_DATASET_
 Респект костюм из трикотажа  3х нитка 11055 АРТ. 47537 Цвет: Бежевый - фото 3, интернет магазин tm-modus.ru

...

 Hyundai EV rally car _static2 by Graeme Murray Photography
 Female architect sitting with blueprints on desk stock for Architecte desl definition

_WORK TASK_
What do the lines above say from the one containing "Hyundai EV rally" down to the one containing "Female architect sitting"? Return them exactly, both end lines included, and only them.

_EXERCISE ANSWER_
 Hyundai EV rally car _static2 by Graeme Murray Photography
 Female architect sitting with blueprints on desk stock for Architecte desl definition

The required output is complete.